That’s because Obama’s going to spend the increased tax dollars he just got from you and me on more stuff that won’t work, like “climate change” legislation. It will be disguised as a “green jobs” program, of course. But, let’s be honest, even if Obama instituted a 100 percent tax on fossil fuels, the earth’s temperature is not going to be effected by the tax, even allowing that global warming models are correct, which I don’t.
After all, the models were probably created by economists.
Jobs won’t be growing out of the burgeoning “green” energy industry- or other government measures- because we know from past history that new industries aren’t formed at the direction of the government, but rather by demand.
Jimmy Carter put solar panels on the White House at a time when energy spending made up a larger portion of our GDP, and what good did it do?
So let’s just agree right now that the best thing that the government can do for our economy would be to do no harm; and that Obama at least doesn’t seem inclined to lay off the economy and let it self-mend.
Big government is not the economy’s friend this year.
Taxes, regulations and more intervention will take its toll. And that means slower growth, if any growth at all, as anyone outside of the Wall Street-Washington corridor would admit.
A recent Gallup poll says that business owners are worried about taxes and regulations, while consumer confidence is down as a result of the last tax increase.
So, prepare for the double whammy of less spending by both businesses and consumers.
One clue on the downward direction of the economy can be gleaned by looking at what economists are saying.
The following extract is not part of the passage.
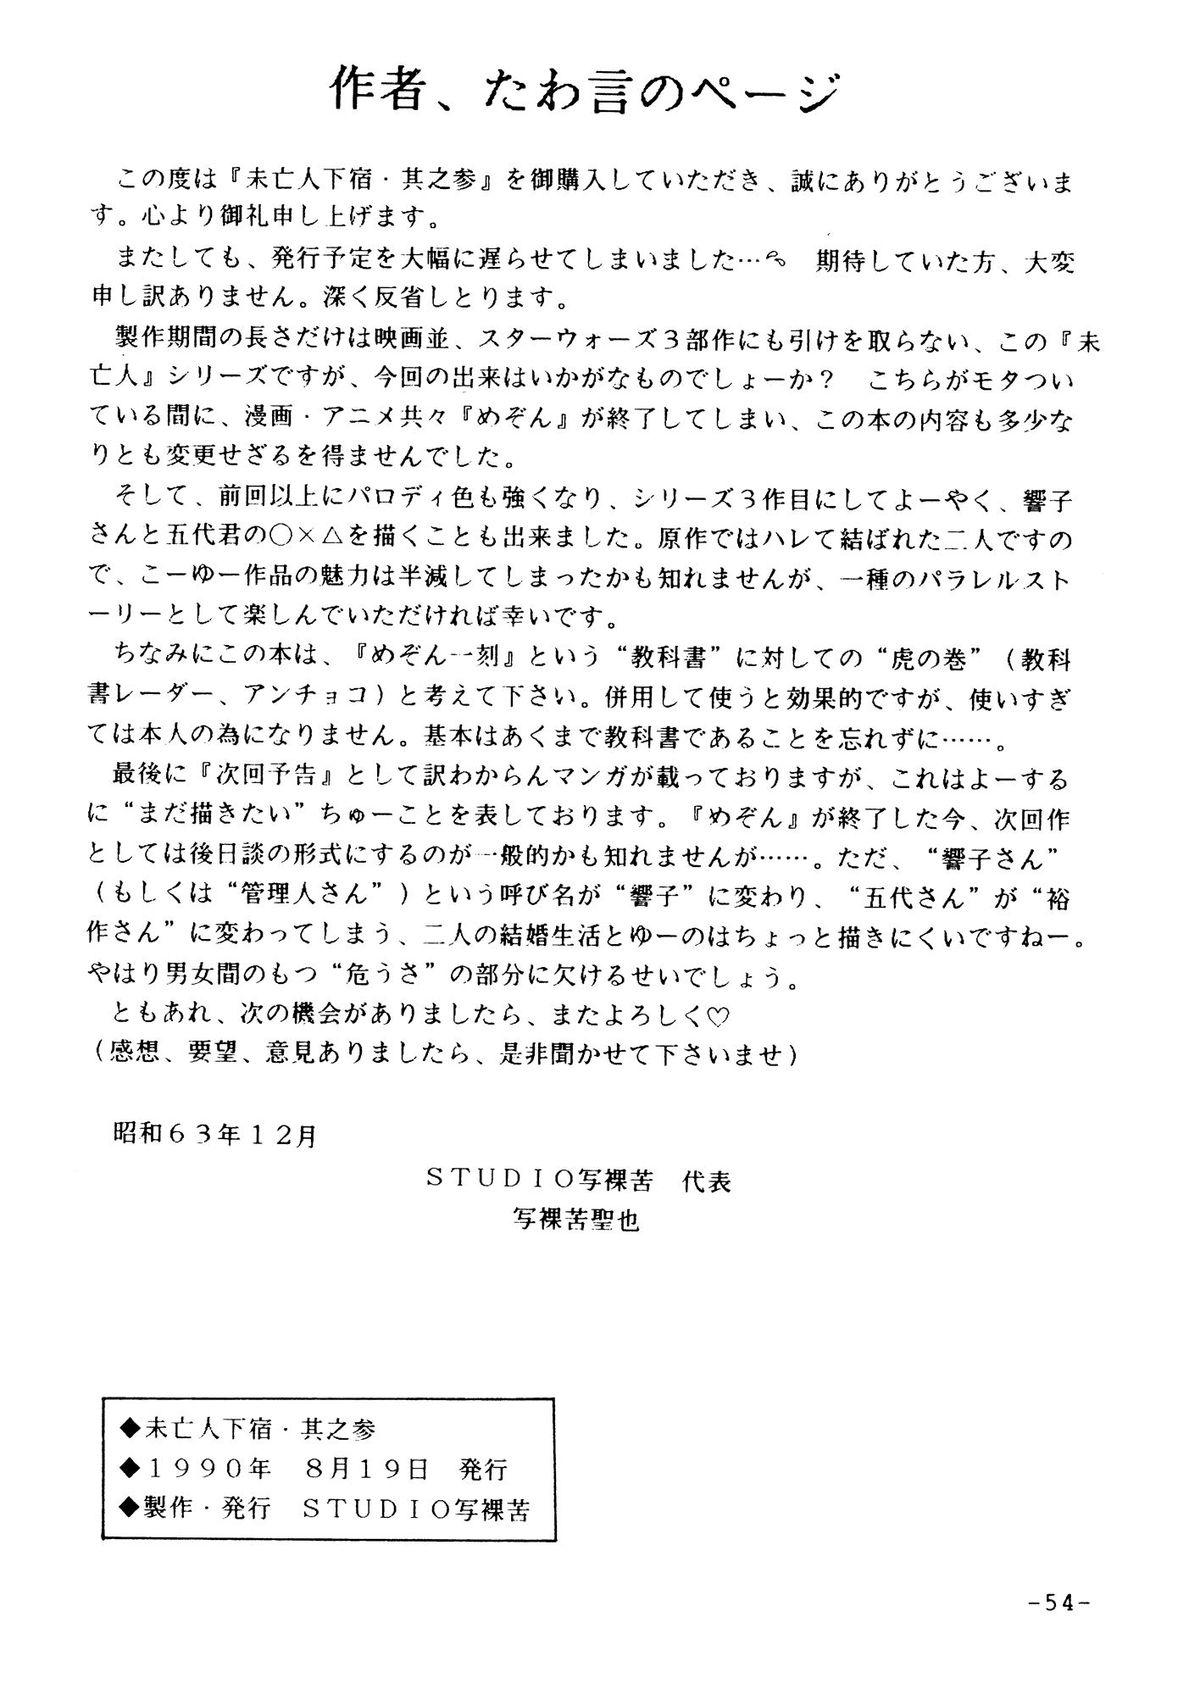 Twerk Mibojin Geshuku Sono San - Maison ikkoku Ex Gf - Page 51

The flagship franchise for economists, um, The Economist magazine, is saying that America’s economy is looking better for 2013.
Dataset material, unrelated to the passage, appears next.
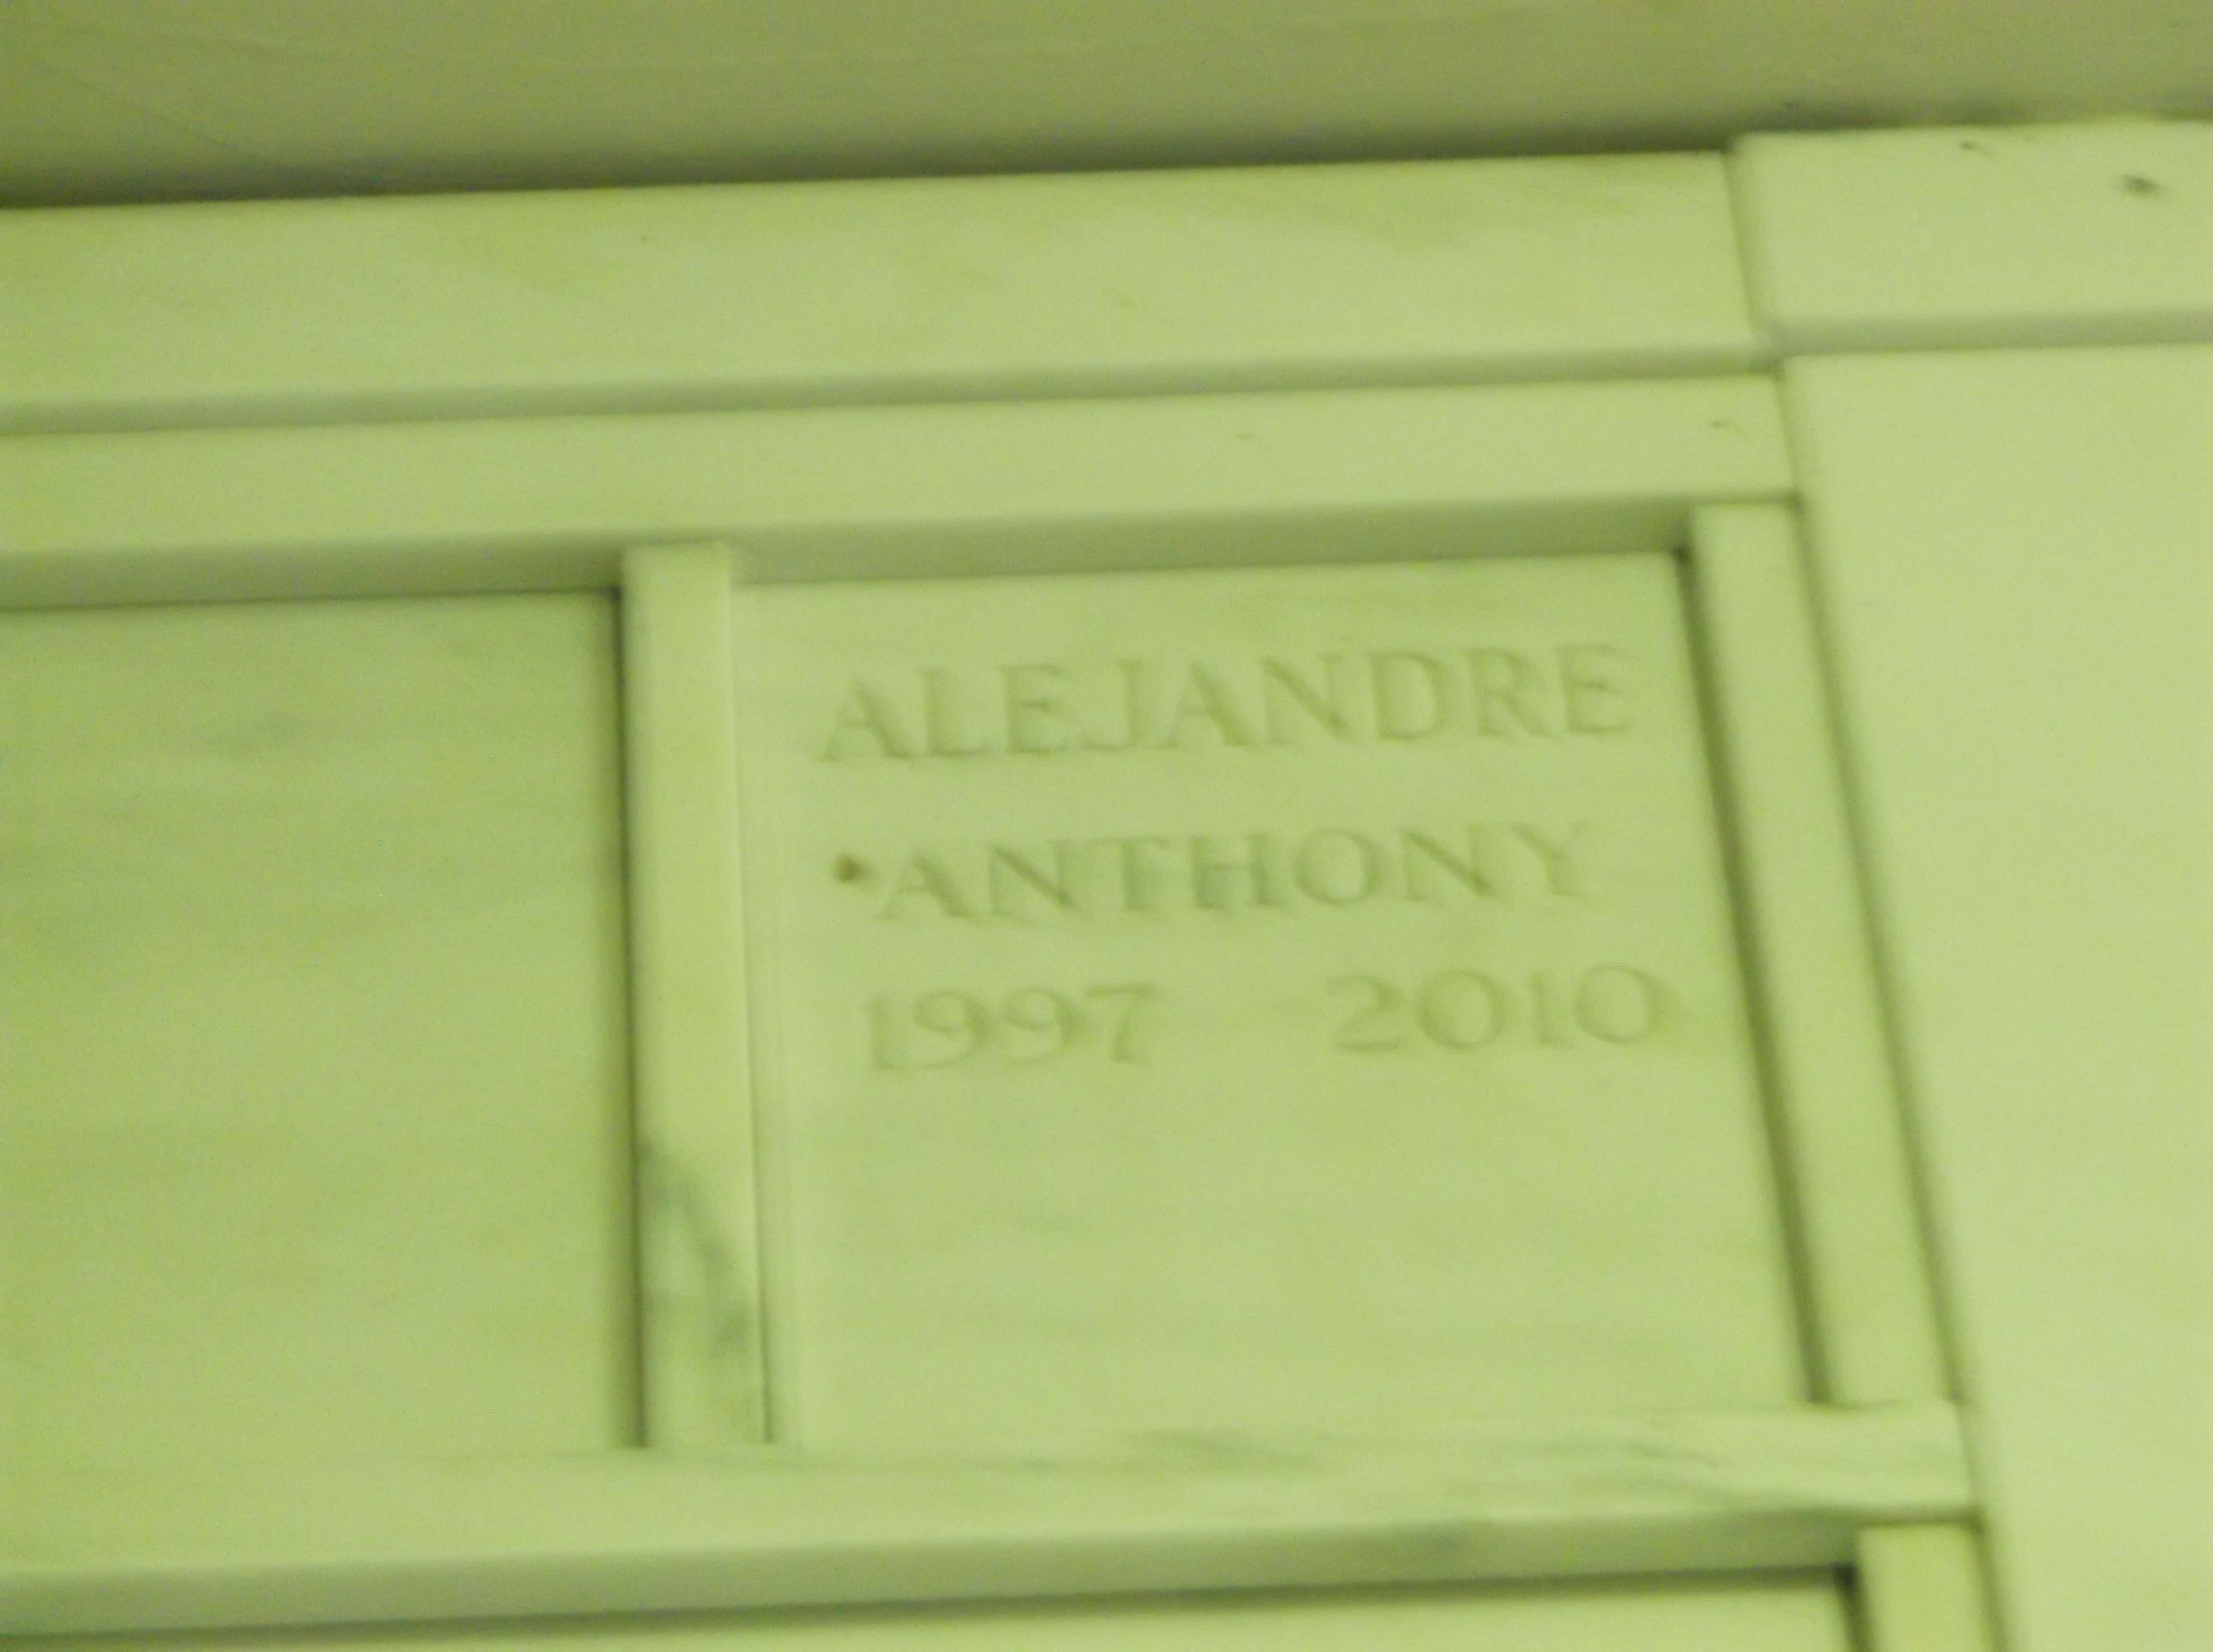 Anthony Alejandre

Uh-oh: You all know what that means. Things are going to be really bad.
“The financial crisis and recession ended more than three years ago!” they write. “The housing market is firmly on the mend! Employment is growing! The euro zone, though feeble, is no longer about to collapse! And the threat of home-grown crisis appeared to recede when Republicans in the House forbore to use the threat of default to extract spending cuts!”
In fairness, I added the exclamation points at the end of each sentence. But you get the idea: Yeah, I laughed too.
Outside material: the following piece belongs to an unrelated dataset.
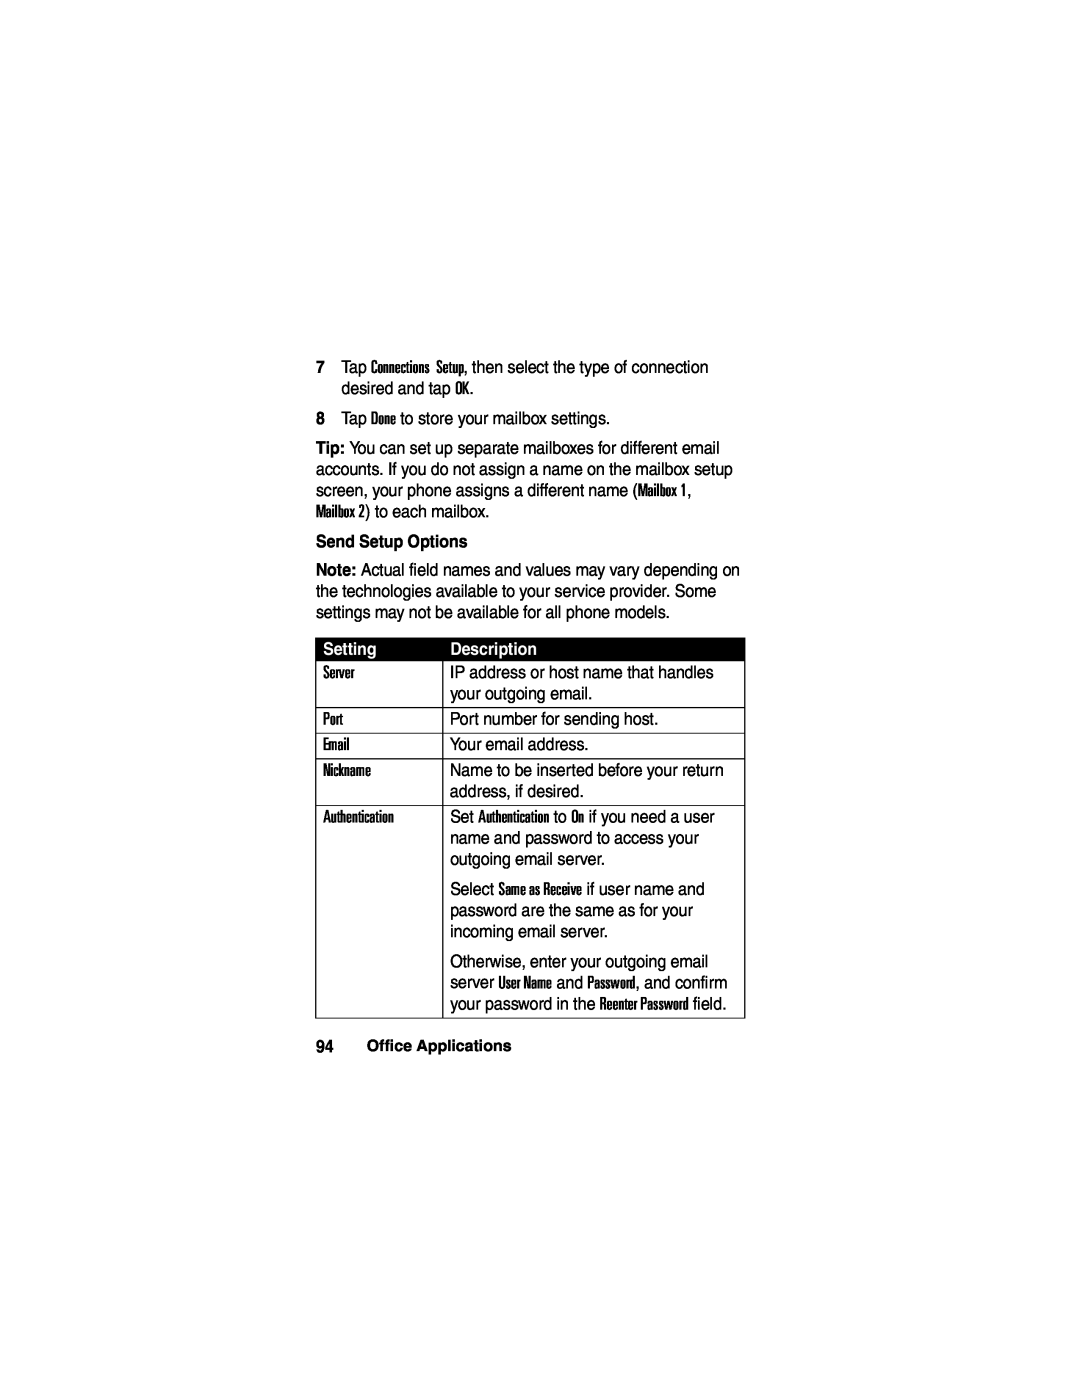 Motorola A780 manual Send Setup Options, Setting, Description

Of course, they don’t present any actual data to support the thesis that things are looking up, but what the hay, these are economists we are talking about. What they don’t know, they can make up.
NBCNews reports that half of all business economists polled recently “now expect real gross domestic product — the value of all goods and services produced in the United States — to grow between 2 and 4 percent in 2013. That's up from 36 percent of respondents who felt the same way three months earlier.”
And just in time, the Washington Post reports that economists say “Trust us. We aren’t driven by ideology.”
Besides some cheap humor aimed at economists and liberal journalists, there is a real point here.
Or own favorite economist, Dan Mitchell of Cato, points out that economists have a poor track record at predicting what the economy will do in the future.
“It’s not that economists are totally useless” says Mitchell. “It’s just that they don’t do a very good job when they venture into the field of macroeconomics, as Russ Roberts succinctly explained. And they look especially foolish when they try to engage in forecasting.”
We all look a bad at forecasting. But economists look especially bad at it.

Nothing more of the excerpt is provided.